Benton follows afterwards with a good long portion of the film to display the struggles that Ted and Billy need to overcome, and in a second act finally has Joanna return stating her desire for Billy to live with her. Ted will not allow that to happen. For a real actor’s showcase, it’s important to watch the scene when they meet for the first time in 18 months. The conversation is cordial and they appear pleased to catch up with one another. Seconds later, the opposite sides on what’s best for themselves and more importantly Billy surface and the back and forth is so perfectly timed. Streep and Hoffman have those stutters and talking over one another that seem so natural. The scene ends with a broken glass that was not rehearsed and fortunately Streep’s shocked expression remains before the scene is cut.

Hoffman is extremely good in his role. He runs a gamut of emotions to bring humor, sadness, anger, warmth and love to this part. Another powerful scene is when he desperately must find a new job within three days before Christmas. Benton makes sure that Ted appears completely strong in a disarming situation when he squeezes in a four o’clock Friday afternoon interview during a raucous office Christmas party. I love how Benton focuses a still camera on Ted sitting quietly in a lobby chair amid partiers while waiting to hear if he gets a job offer. This is determination of a very full degree. Nothing will allow Ted to lose his little boy during this custody hearing.

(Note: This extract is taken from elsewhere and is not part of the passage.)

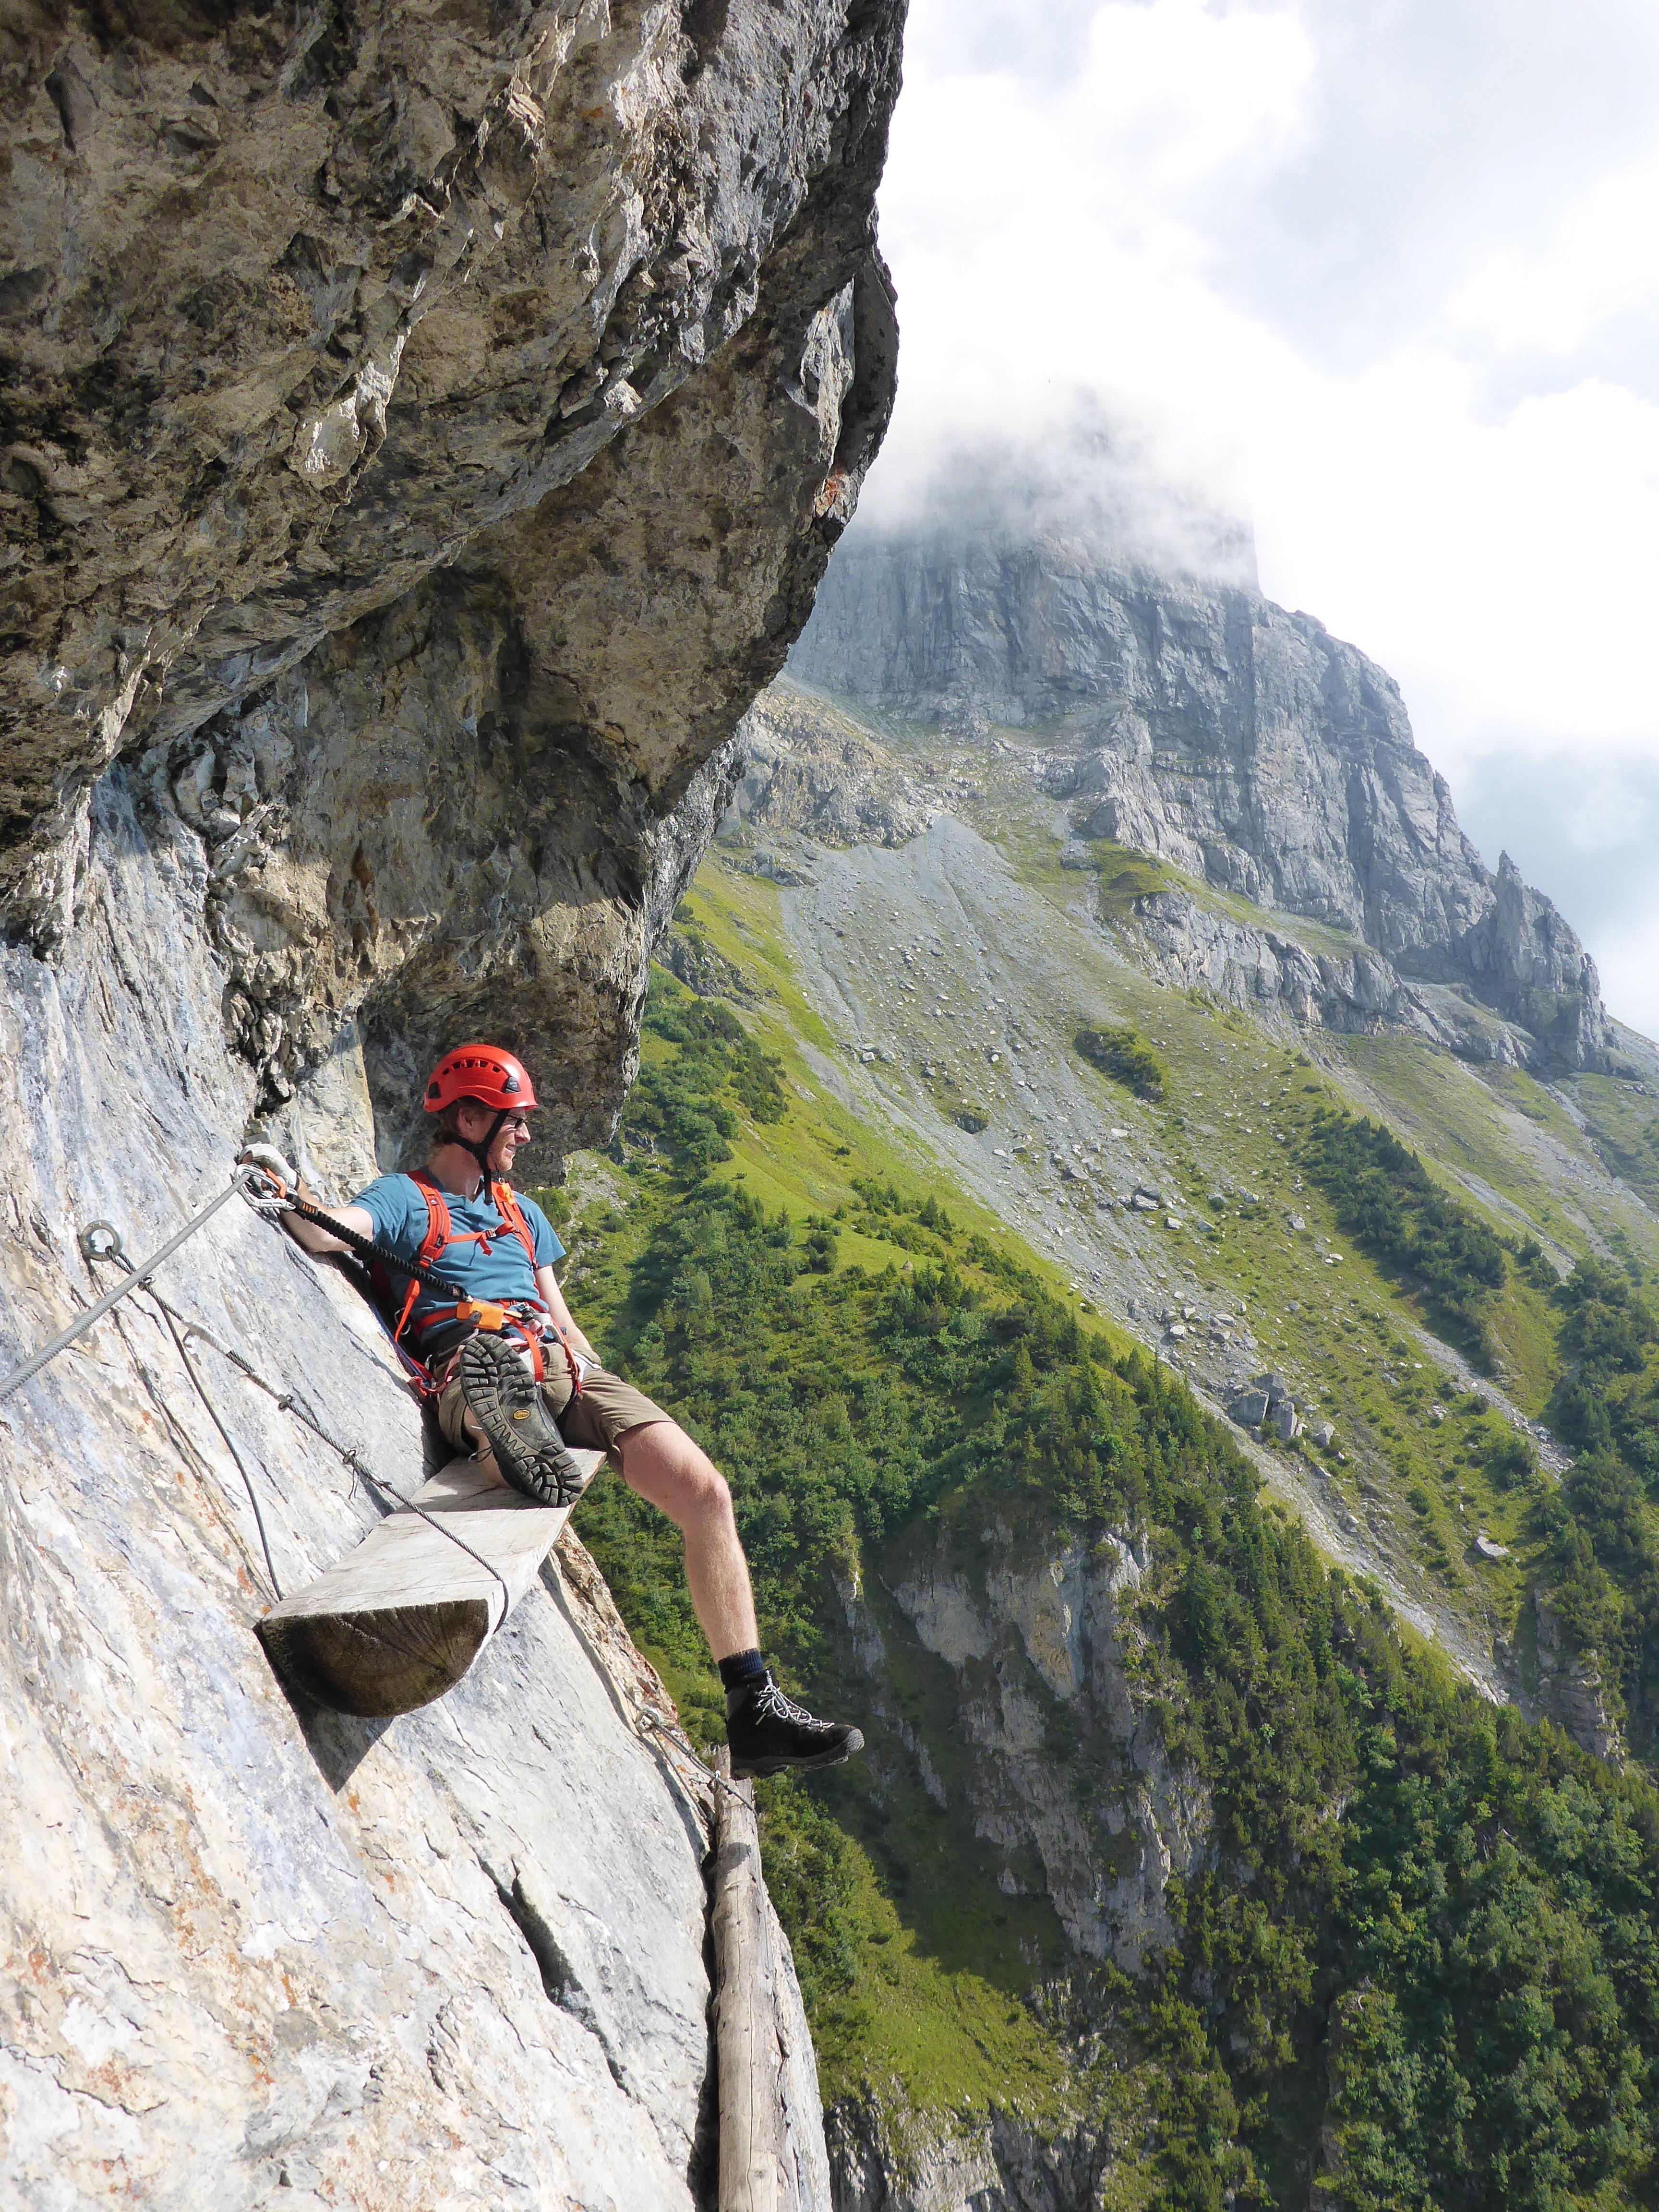 Climber enjoying the views

Kramer vs Kramer is a simple and brisk film. It moves with a fast pace and I believe the reason for that is it takes place in a home with a father, a child and a mother. So I like to think it was very open to relating to viewers of all ages including my preteen self. There are many different and recognizable facets to “Kramer vs Kramer.” Billy compares Ted’s rules to what “all the other mothers” do. There’s the school play. Ted running late for work and picking up Billy from a birthday party complete with a goody bag. Of course, there’s also the heightened drama of the courtroom custody hearing. It’s like watching stage work monologues from Streep and Hoffman. It’s brilliant.

I especially took a scene very personally where Billy falls off the monkey bars, and Ted rushing through the streets of New York to get him to the emergency room for stitches. I had a door slammed in my face once that required stitches in my bottom lip. Just like in the film there was blood all over my clothes and there was terrible fear for this 8 year old kid who now still feels a bump in that area. Billy’s anguish and Ted’s terrible fear and guilt seem so genuine.

I find it interesting that this film won Best Picture in 1979. A year prior it was The Deer Hunter and Patton was a few years before that. In 1980, Robert Redford’s Ordinary People won the award and in 1983 it was Terms Of Endearment. Hollywood didn’t forget the impacts of hellish war and combat films. However, with the 1980 Reagan years of much decadence and pop culture positivity, a domestic life was becoming more honest and apparent. These films were not just Father Knows Best. Films like Kramer Vs Kramer, we’re ready to show the hard parts of living a yuppie life. Things seem so normal on the outside when really there’s a struggle to love and live on the inside.

Cinderella like films showed my eight year old eyes that if a prince and princess finally meet and dance together all will be well in the kingdom. However, Kramer Vs Kramer told me that marriage and family life do not equate to happily ever after. Don’t mistake me. I’m not being pessimistic here. What I learned at that young age is that the story really only just begins after the prince and princess fall in love with one another. Thereafter, the conflicts settle in and the happy ending arrives only when the characters adjust to the evolution of their futures together, or if necessary, without one another.